We refer to the decision graph structure as a decision tree, its
use to be described in further detail below. Next, at step 28, the
system waits to receive an incoming data packet. Once received,
portions of the incoming data packet are compared with edges of the
decision tree, step 30. Since condition comparisons are made along
edges and stages of the decision tree, the number of comparisons
made is equal to the number of filter bytes to the number of
filters. Specifically, as explained in more detail below, the
decision tree is organized into levels or "stages", such that once
a match is made at one stage, the filtering algorithm automatically
drops to a second stage without further comparison at the stage
above. If matches are made along an entire edge of the decision
tree, the data packet is filtered and its contents have been
classified according to value. Therefore, a match has been made,
step 32. By filtering an incoming data packet in this way, the data
system is able to efficiently classify a packet and provide fast
differentiated services.
[0025] Therefore, the present invention provides a method of
filtering a data packet in a data packet transmission system. With
reference now to FIG. 2, therein is shown the process of the
present invention utilizing a tree-like hierarchy that represents a
decision tree for filtering incoming data packets. The tree-like
hierarchy, denoted generally as 50, is used to divide a set of
filters 60 into a plurality of stages 70a:70e starting with an
uppermost stage 70a to the lowest stage 70e. Each stage corresponds
to a specified byte 72a:72e of the filters 60, such that the
filters are subdivided along edges of the tree-like hierarchy 50 in
terms of common values. It should be understood that tree-like
hierarchy 50 is representative of a decision tree in the most
general sense and that specific structure for a decision tree would
depend on the system and level of classification required.

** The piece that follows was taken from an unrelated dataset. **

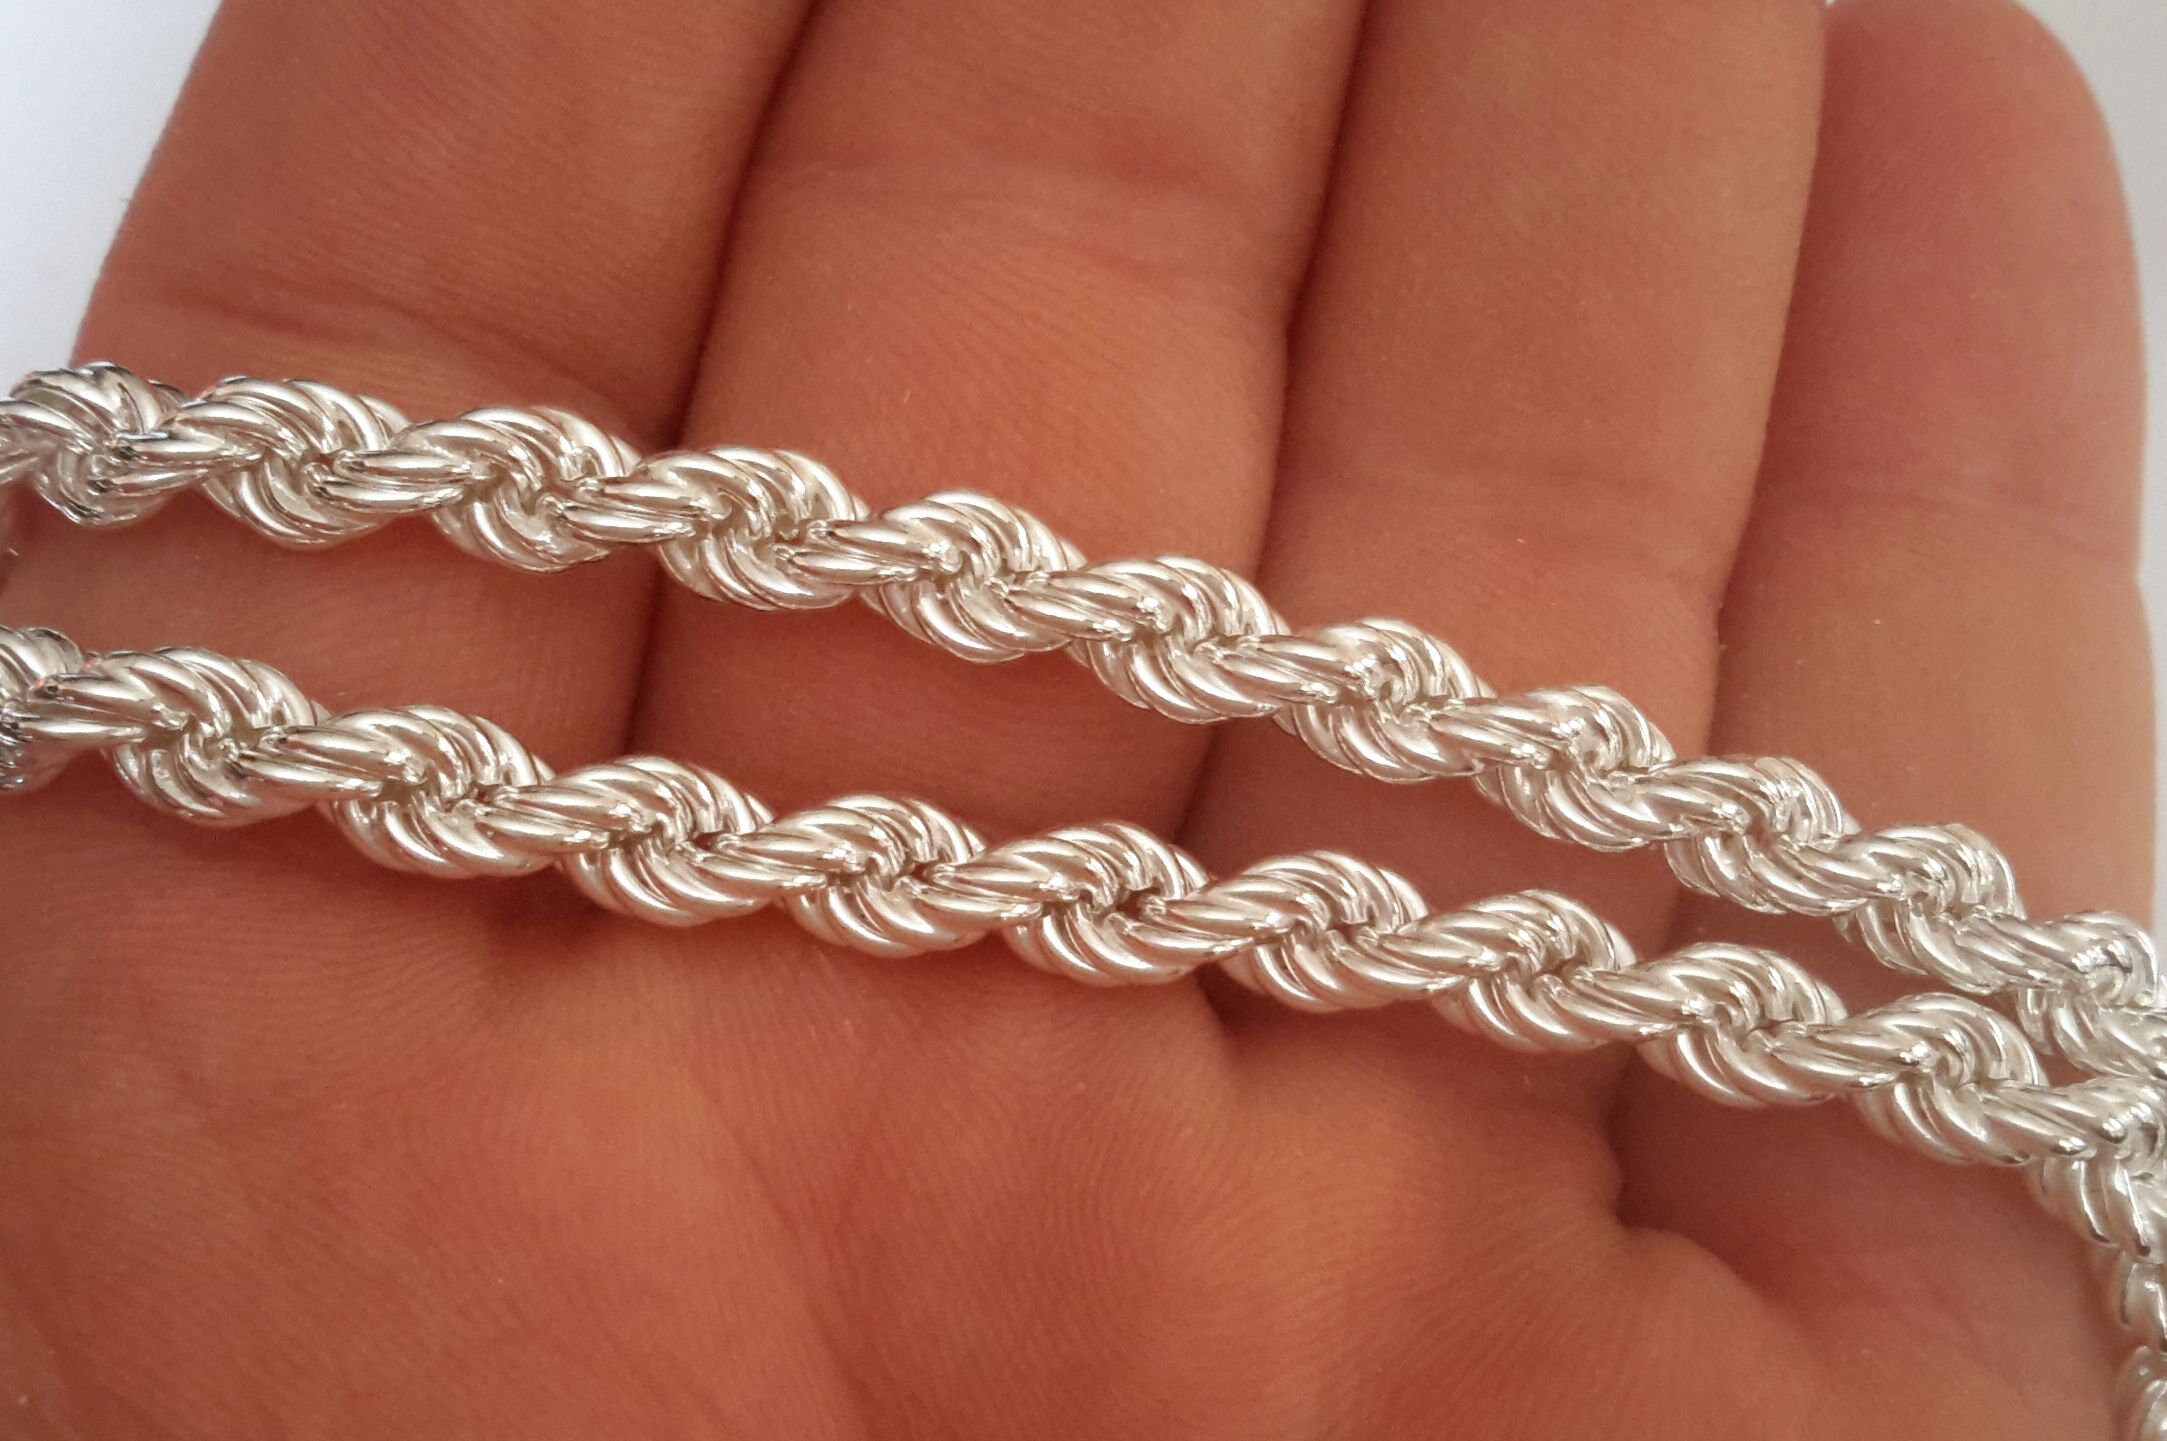 1FT 9x5mm 925 Sterling Silver Chain Bulk, Smooth Rectangle Hollow Link  Chain, Necklace or Bracelet Jewelry Supply, Chain by Foot. V137SS

[0026] As shown, filter sets 60 contain a plurality of filters (1,
2, 3, 4, 5, 6, 7) with each filter in turn having specified values
at each byte (A, B, C, D, E, F, Q, X, Y, Z). Therefore, the process
of subdividing the filter sets 60 to facilitate packet filtering
begins by choosing a single byte, for example byte 1, which is
subdivided based on its values. The resulting division, as shown in
stage 70, leads to filters whose first byte contains an "A" value
and a second filter whose first byte contains an "X" value. In this
example, edges 74 and 76 define paths of the tree-like hierarchy 50
with common values at the same filter position.

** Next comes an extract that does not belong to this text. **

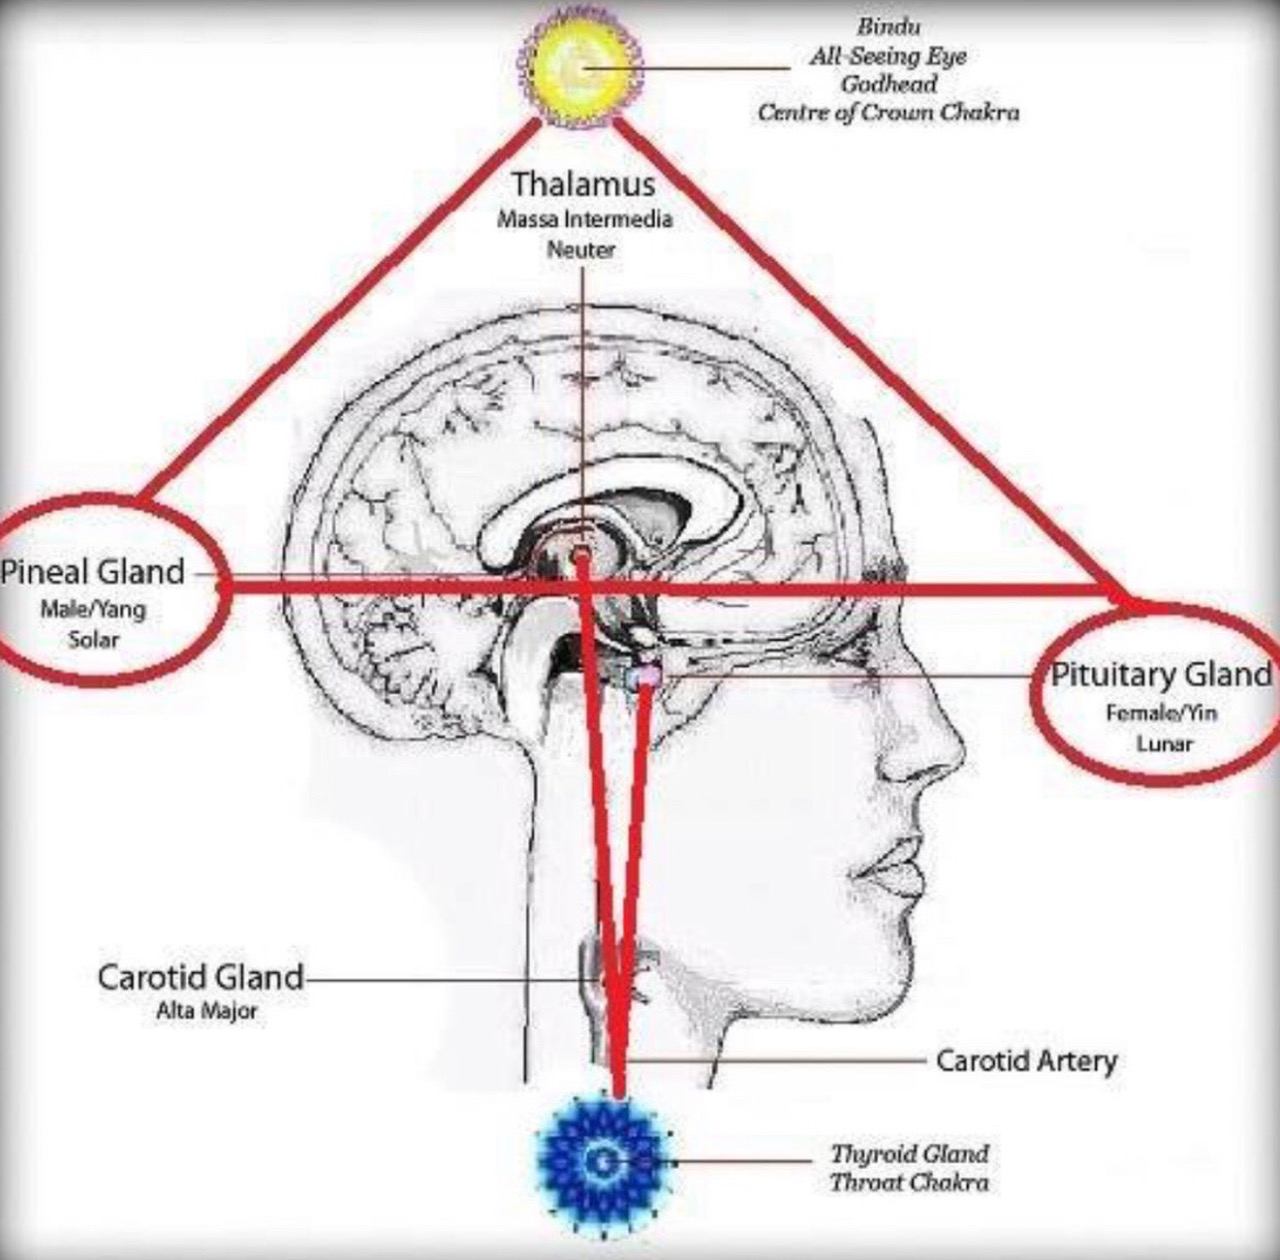 The master cell held in the pineal gland, upon receiving the higher frequency information, activates all other cellular behaviors. As we move through our transformational work and are able to receive and metabolize the higher frequencies, this also changes our physical DNA

[0027] While the example of FIG. 2 illustrates the subdivision
methodology of the present invention using seven filters 60, it
should be understood that more or less filters may be utilized in
any particular implementation. The method of subdividing and
grouping filter sets facilitates a wide array of differentiated
services applications as well as an efficient and fast way of data
packet filtering. Likewise, while the tree-like hierarchy 50
includes five stages 70a:70e, it should be readily understood that
more or less stages may be employed in any particular packet
filtering algorithm.
[0028] The process of subdividing the filter 60s continues as
illustrated in FIG. 2 to create the tree-like hierarchy 50 having
five stages 70a:70e corresponding to five bytes 72a:72e, such that
the lowest stage 70e represents the final possible subdivision of
filters having common values. Thus at the lowest stage 70e, all
filters have been visited along all relevant byte positions. The
tree-like hierarchy 50 represents the building of a decision tree
which can be used to quickly determine which subsets of filters
match a particular incoming packet. When a particular packet
arrives, the algorithm of the present invention can be used to
filter the data packet at the position representing byte 1 of the
search key to determine whether it contains an "A" or an "X"

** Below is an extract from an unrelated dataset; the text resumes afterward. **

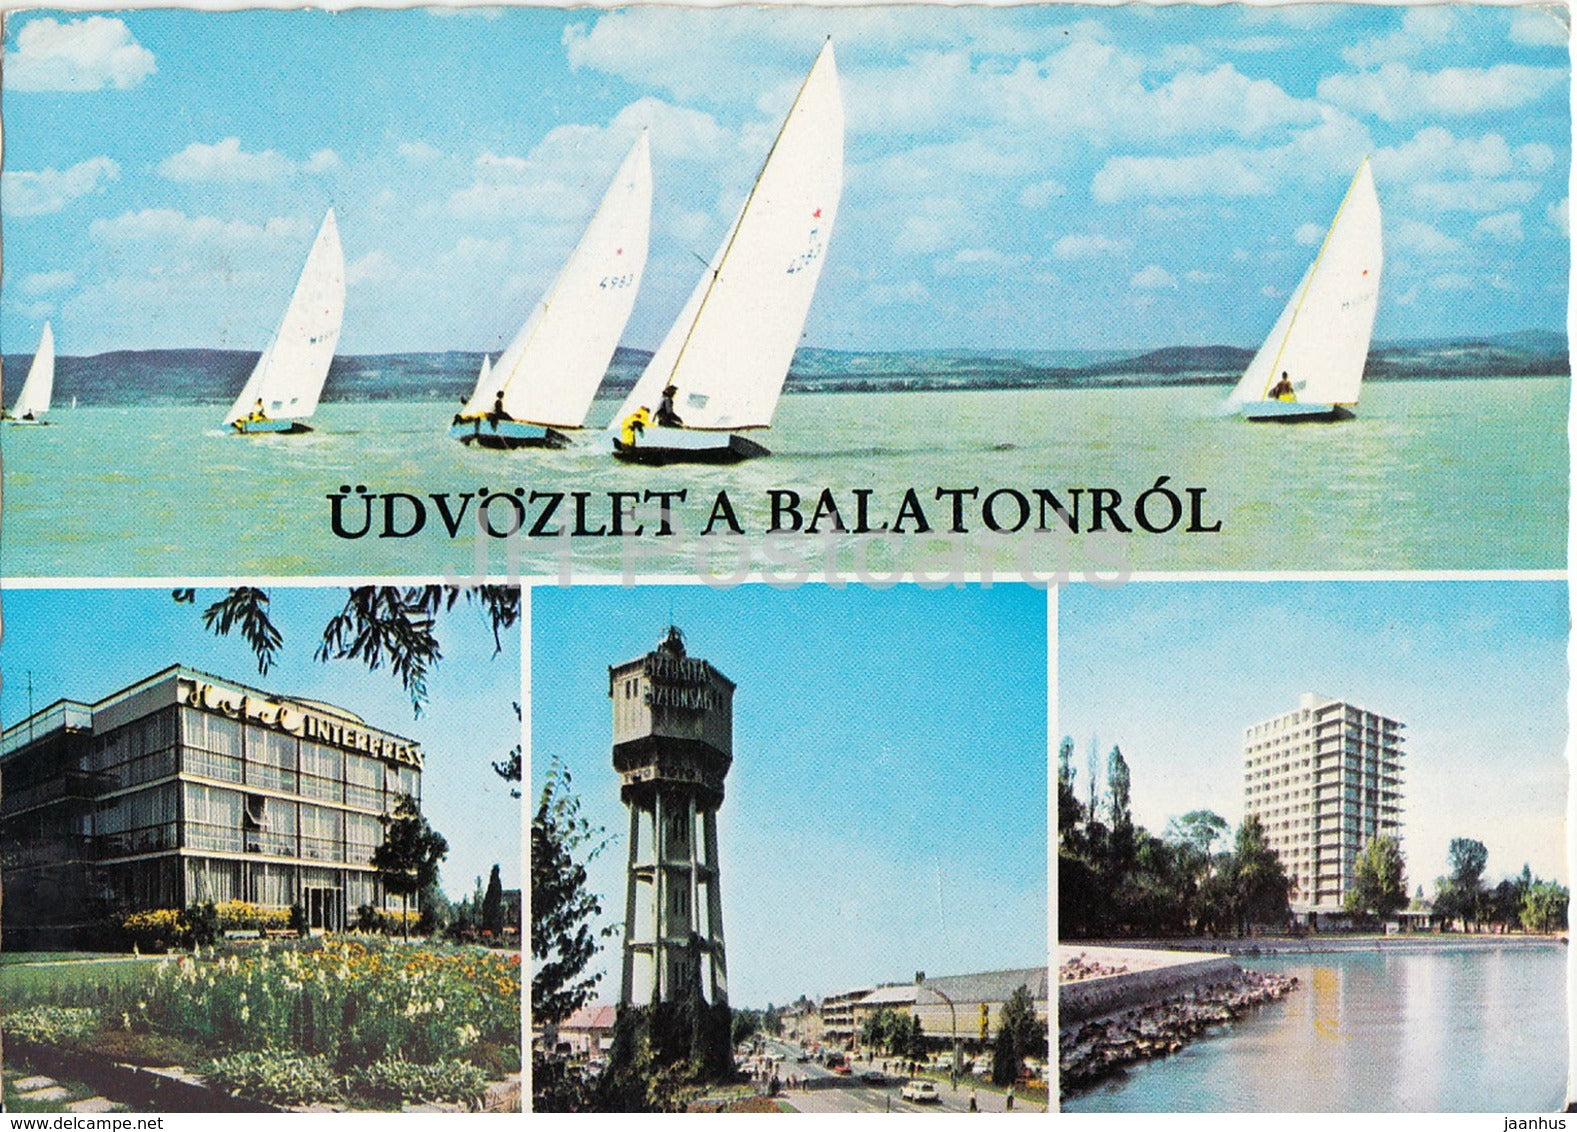 Greetings from the lake Balaton - sailing boat - hotel - lighthouse - multiview - 1970s - Hungary - used - JH Postcards

corresponding to edges 74 and 76, respectively. If the incoming
packet contains an "A" expression, matching would continue from
edge 74 to edges 78a, 78b or 78c to determine if the incoming data
packet at the second byte includes values "B" "Y" or "Q."
[0029] The process continues in this way walking down all stages
70a:70e down the treelike hierarchy 50, after which it is known
exactly which filters match the values of the incoming data packet.
Therefore, the comparison methodology of the present invention
provides an efficient and fast way of determining the subset of
matching filters since the number of comparisons is equal to the
number of bytes that are being compared and not the number of
filters. This provides a packet filtering algorithm that is
scalable in terms of decision processing time.
[0030] With reference now to FIG. 3, therein is shown an example
tree-like hierarchy 100 which is similar to the tree-like hierarchy
50 of FIG. 2, except that it accommodates byte values with
wildcards meaning that the filter is not specific to a value at one
or more positions of the incoming data packet. This is shown by
wildcarded filters 102 wherein the "don't care" values are shown as
an asterisk. Note that filter 1 of wildcarded filters 102 has
wildcard values at every position, meaning that any incoming data
packet is matched by any input that matches none of the other
subsets.
[0031] The tree-like hierarchy 100 is more complicated than the
tree-like hierarchy 50, resulting in a more complicated decision
tree including wildcarded bytes that get replicated across all
subsets of a parent filter set. Compared to linear matching
expression algorithms, however, the process using a tree-like
structure to subdivide filters, as illustrated in FIGS. 2 and 3,
provides significant efficiency advantages as well as speed in the
matching algorithms and scalability.
[0032] Byte Selection Heuristic
[0033] It should be apparent to one of ordinary skill in the art
that the examples of FIGS. 2 and 3 are but exemplary and that
changes to the structure and form of the decision tree used to
enable packet filtering can be made. For example, with the
tree-like hierarchies 50, 100, the first byte was chosen to enable
the comparison on an incoming data packet in a sequential order.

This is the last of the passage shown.